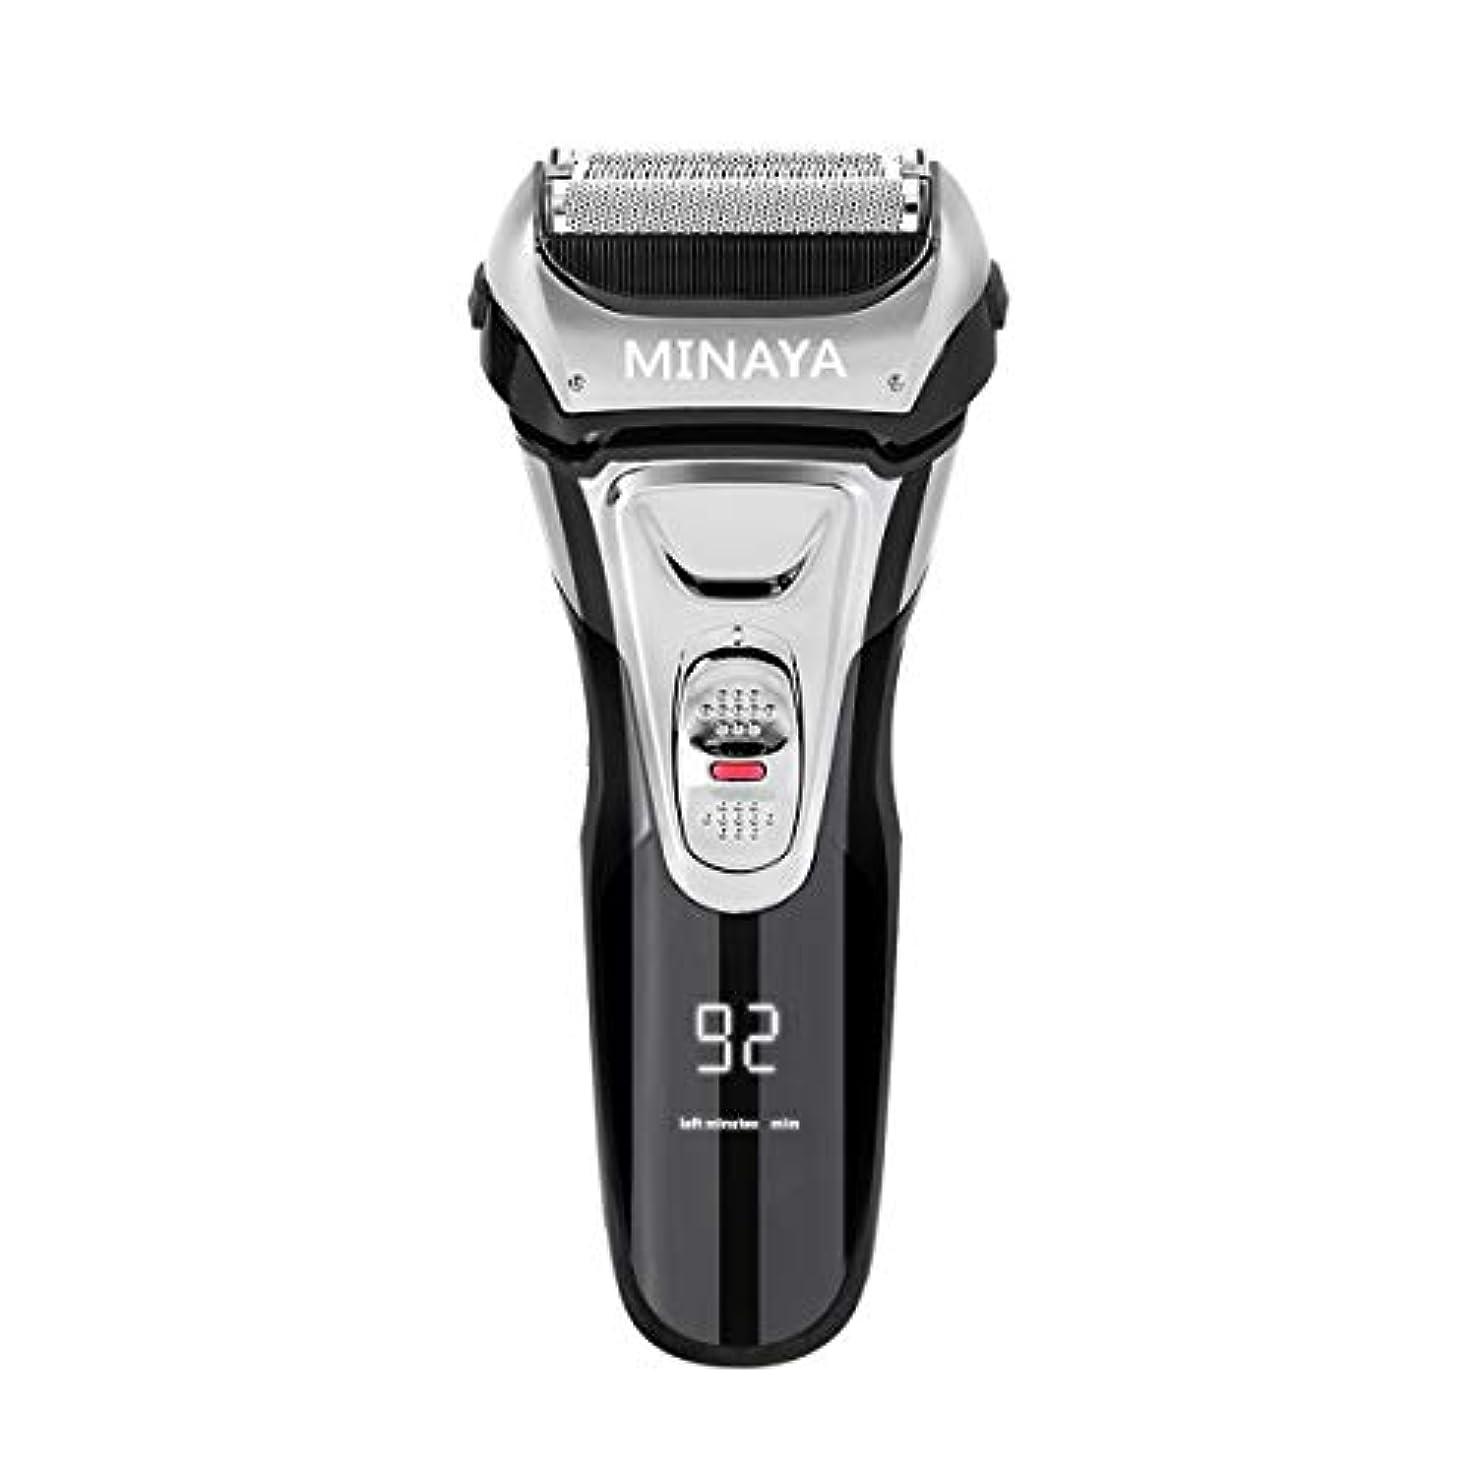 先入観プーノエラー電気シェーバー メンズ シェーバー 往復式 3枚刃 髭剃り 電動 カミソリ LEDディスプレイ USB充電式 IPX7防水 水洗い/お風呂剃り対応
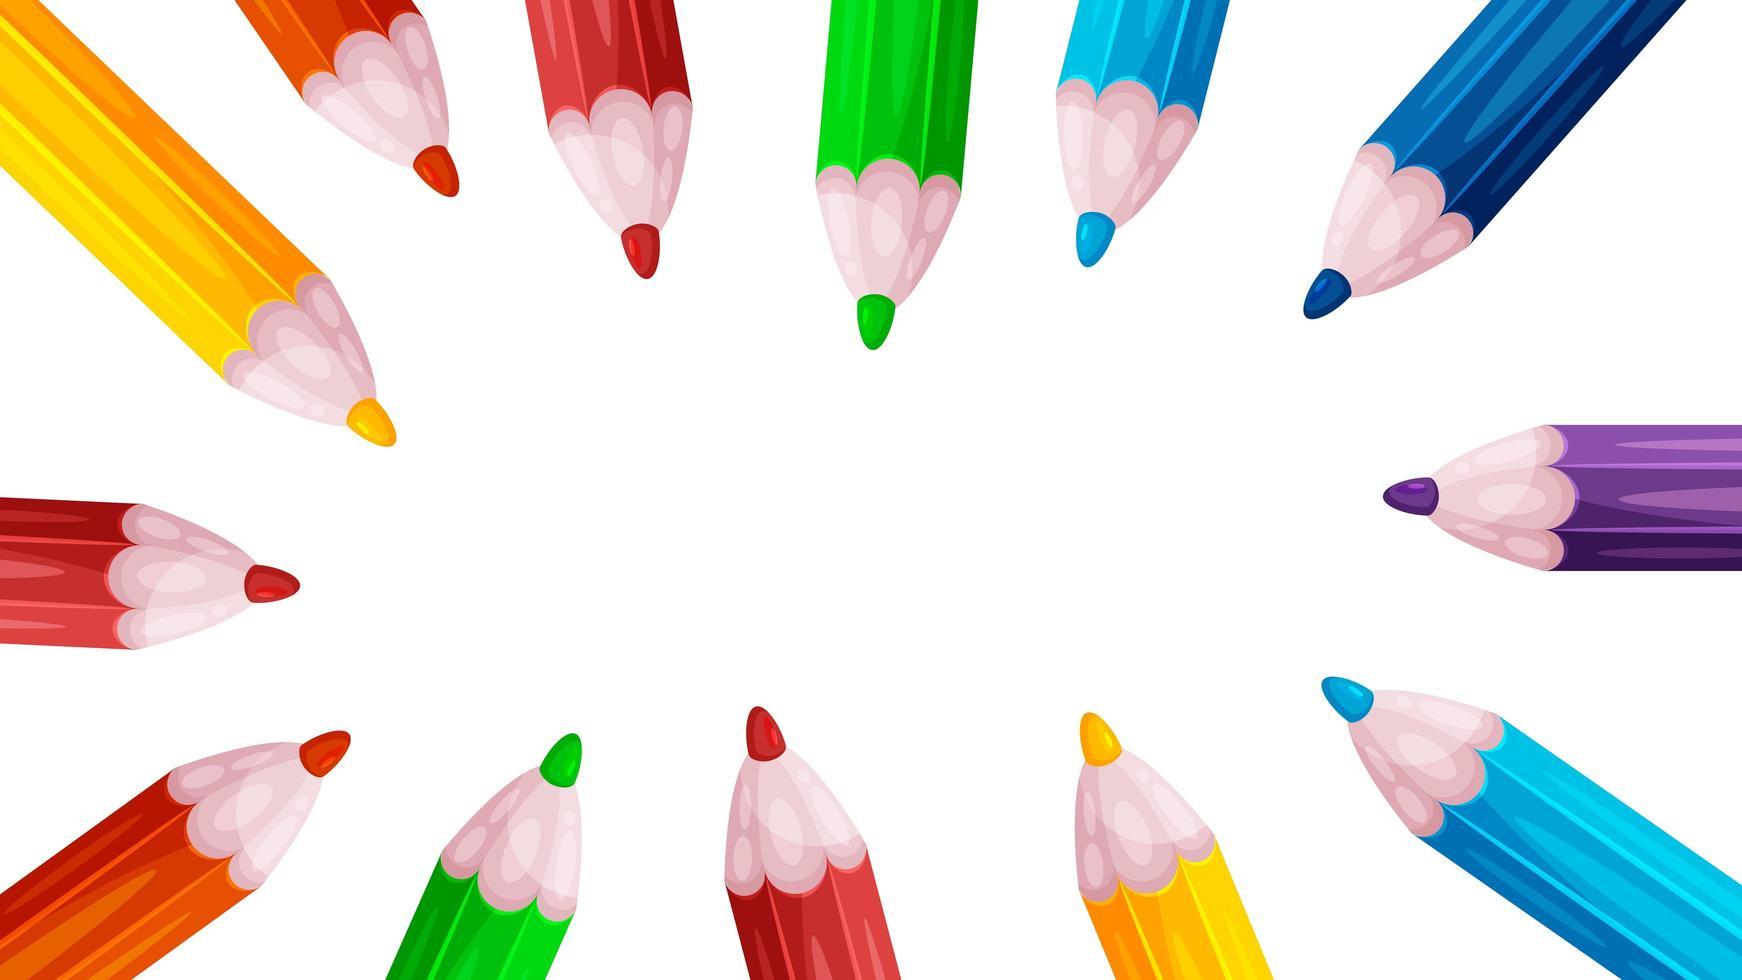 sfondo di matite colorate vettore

--

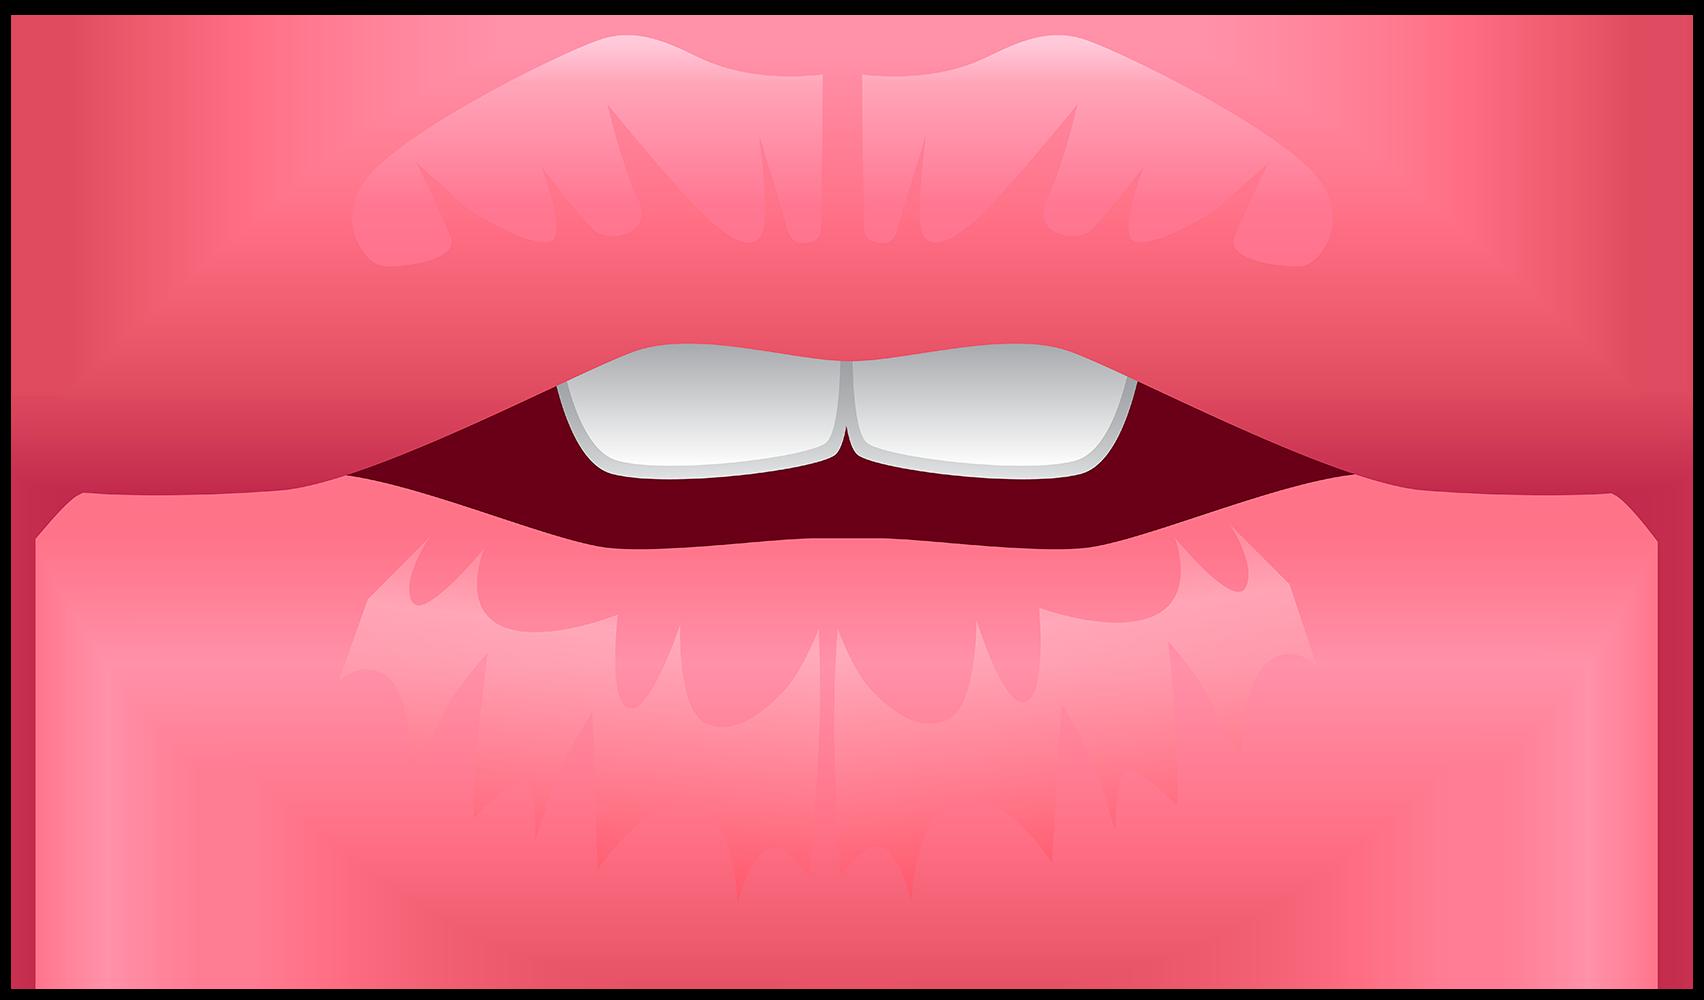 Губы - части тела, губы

==

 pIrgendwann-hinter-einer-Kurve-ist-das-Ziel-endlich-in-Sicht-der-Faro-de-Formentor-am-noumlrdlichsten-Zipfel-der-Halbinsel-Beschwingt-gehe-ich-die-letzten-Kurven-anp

▸ Description of the task
Going by the data above, give back only the lines from the one containing "先入観プーノエラー電気シェーバー メンズ シェーバー" through the one containing "sfondo di matite colorate vettore", exactly as they stand, both ends included and no images.

▸ Expected answer
 先入観プーノエラー電気シェーバー メンズ シェーバー 往復式 3枚刃 髭剃り 電動 カミソリ LEDディスプレイ USB充電式 IPX7防水 水洗い/お風呂剃り対応
 sfondo di matite colorate vettore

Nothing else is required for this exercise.